| Provided entries |
:::

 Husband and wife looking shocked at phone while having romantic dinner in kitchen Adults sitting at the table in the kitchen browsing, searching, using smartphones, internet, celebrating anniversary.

:::

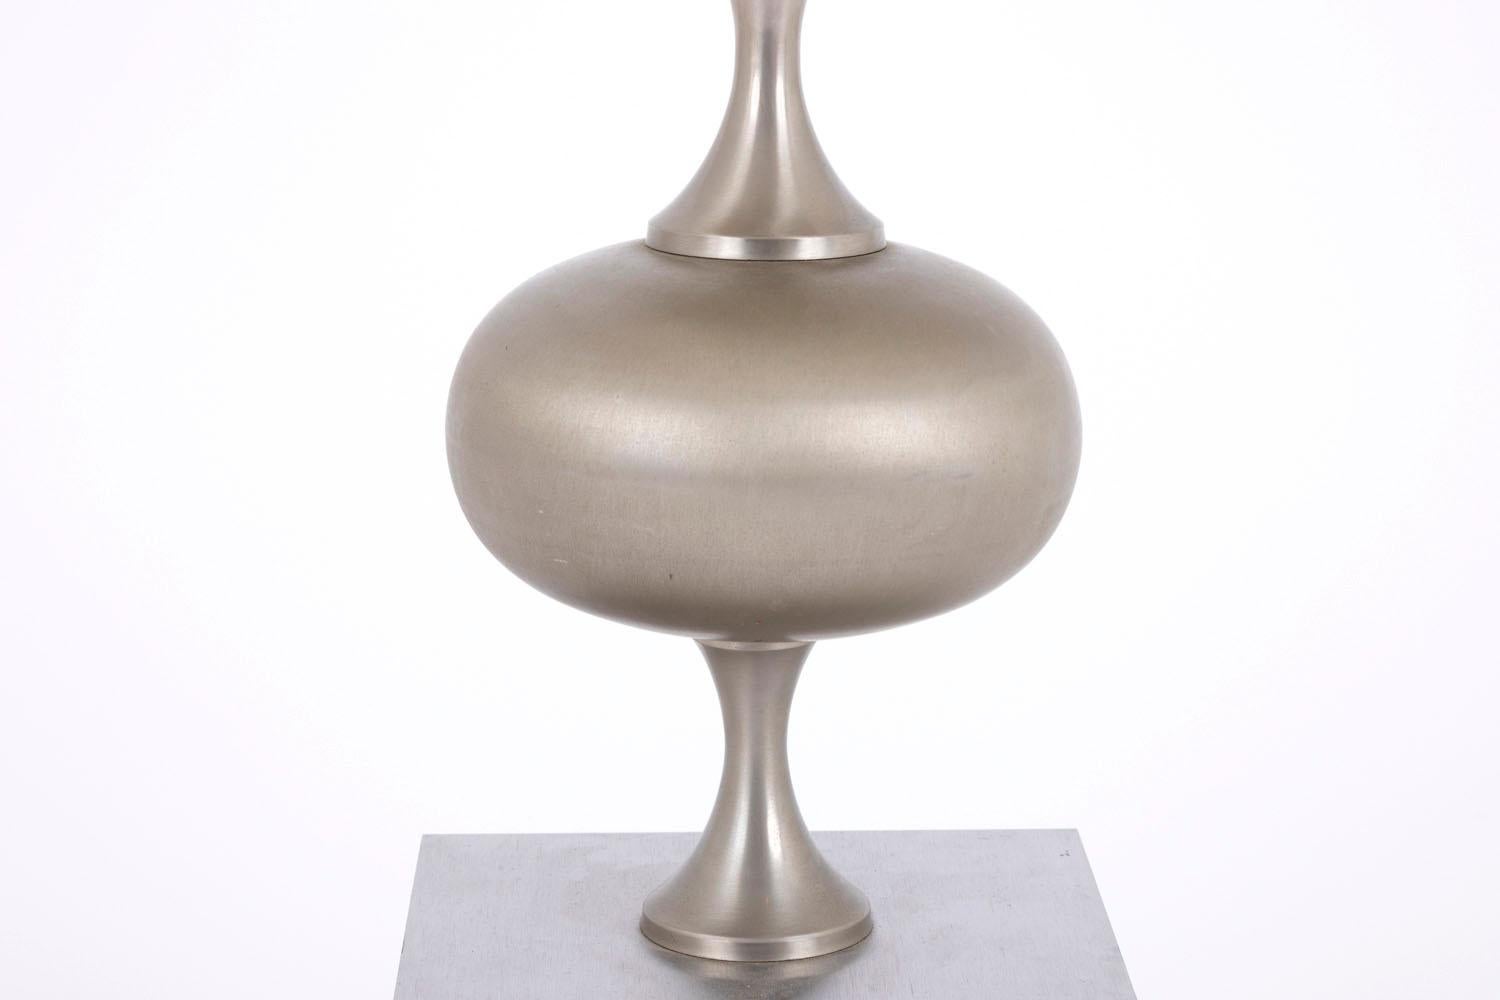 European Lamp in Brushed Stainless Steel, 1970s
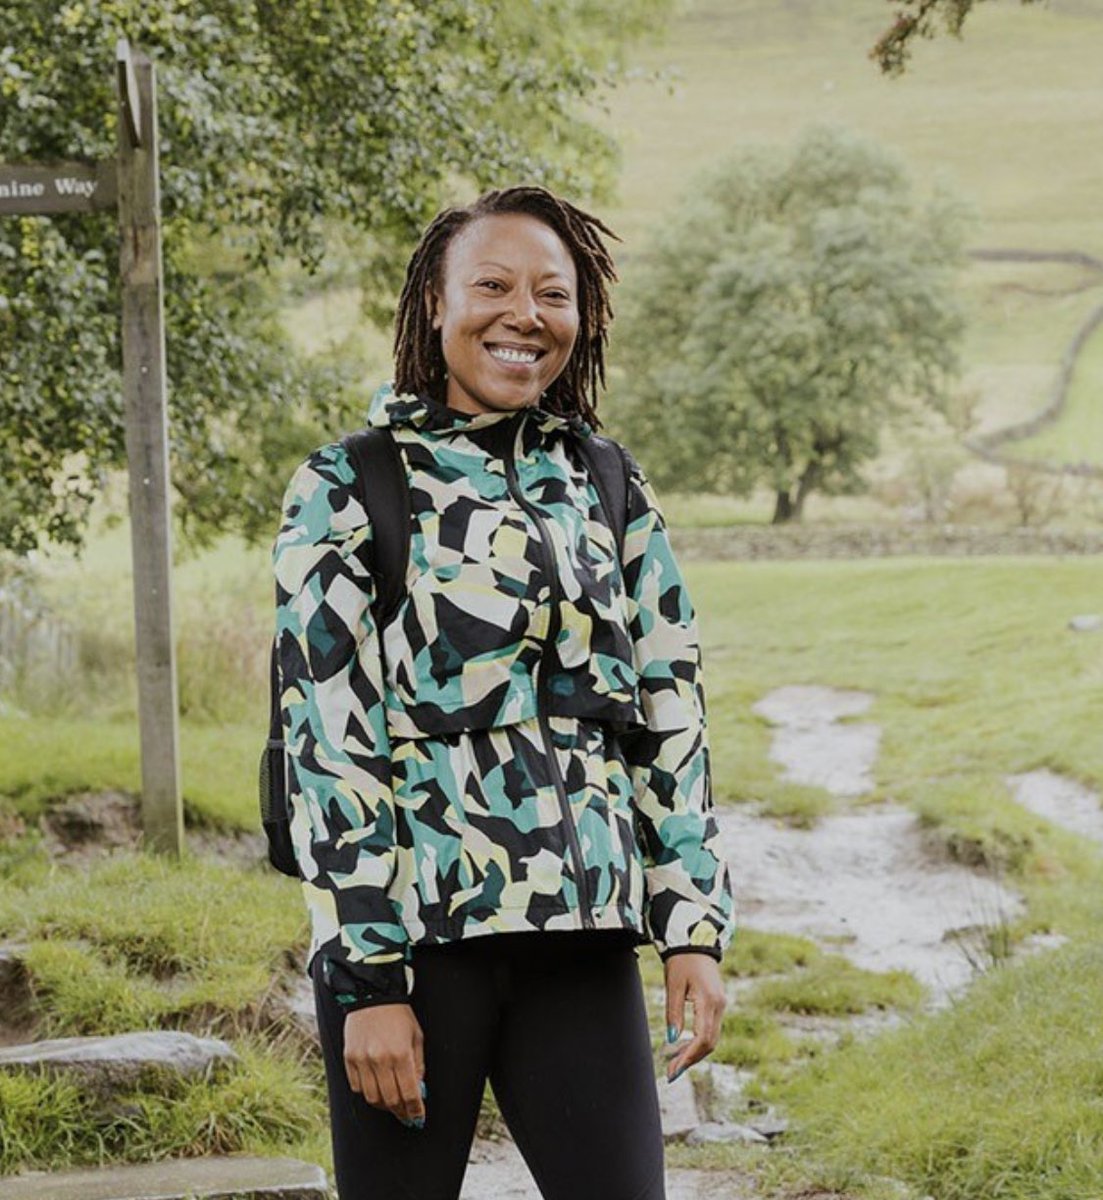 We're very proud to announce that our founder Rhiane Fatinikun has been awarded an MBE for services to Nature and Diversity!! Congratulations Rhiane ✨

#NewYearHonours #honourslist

:::

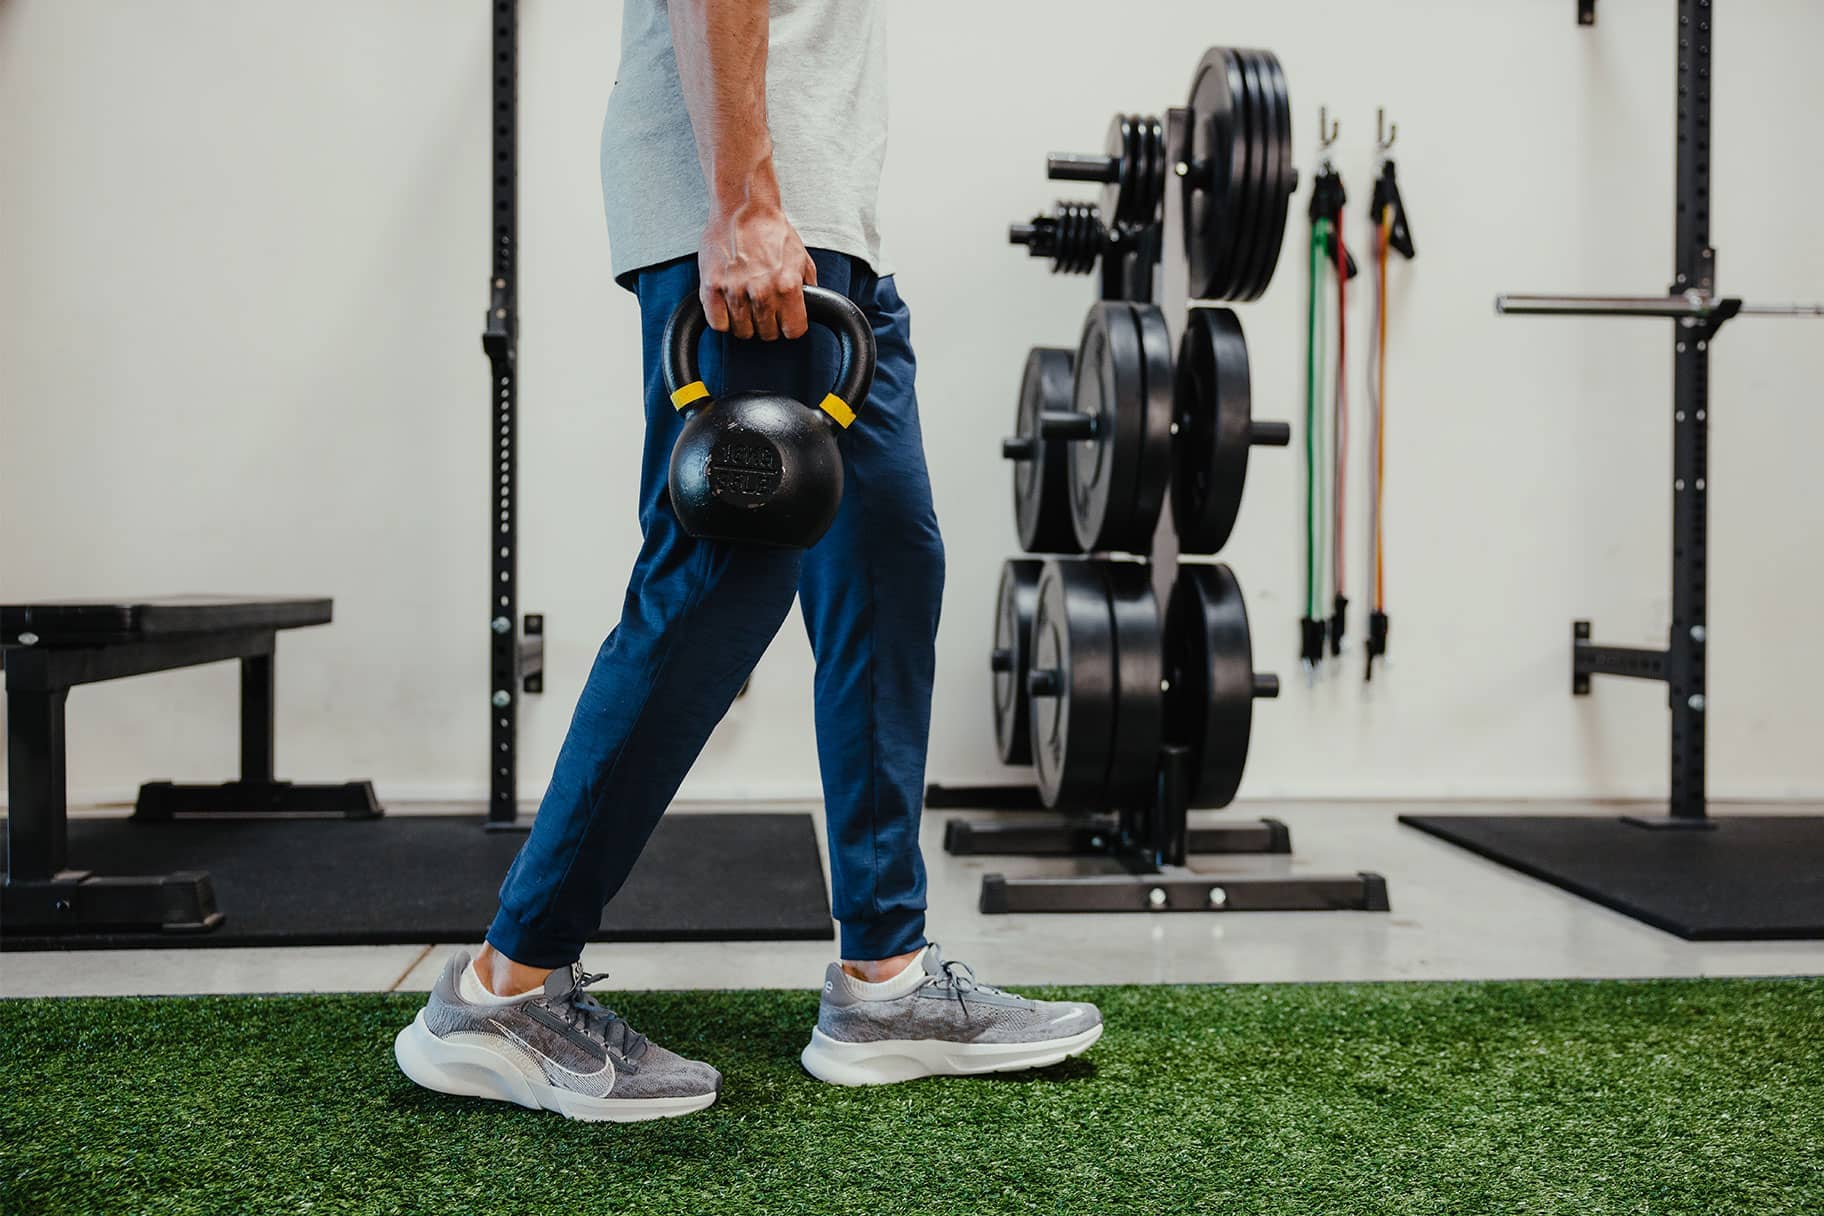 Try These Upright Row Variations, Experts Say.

:::

| How to complete this task |
Everything above from the line that has "We're very proud" down to the line that has "#NewYearHonours #honourslist" should be output exactly, with both of those lines included. Leave the pictures behind.

| Response area |
 We're very proud to announce that our founder Rhiane Fatinikun has been awarded an MBE for services to Nature and Diversity!! Congratulations Rhiane ✨

#NewYearHonours #honourslist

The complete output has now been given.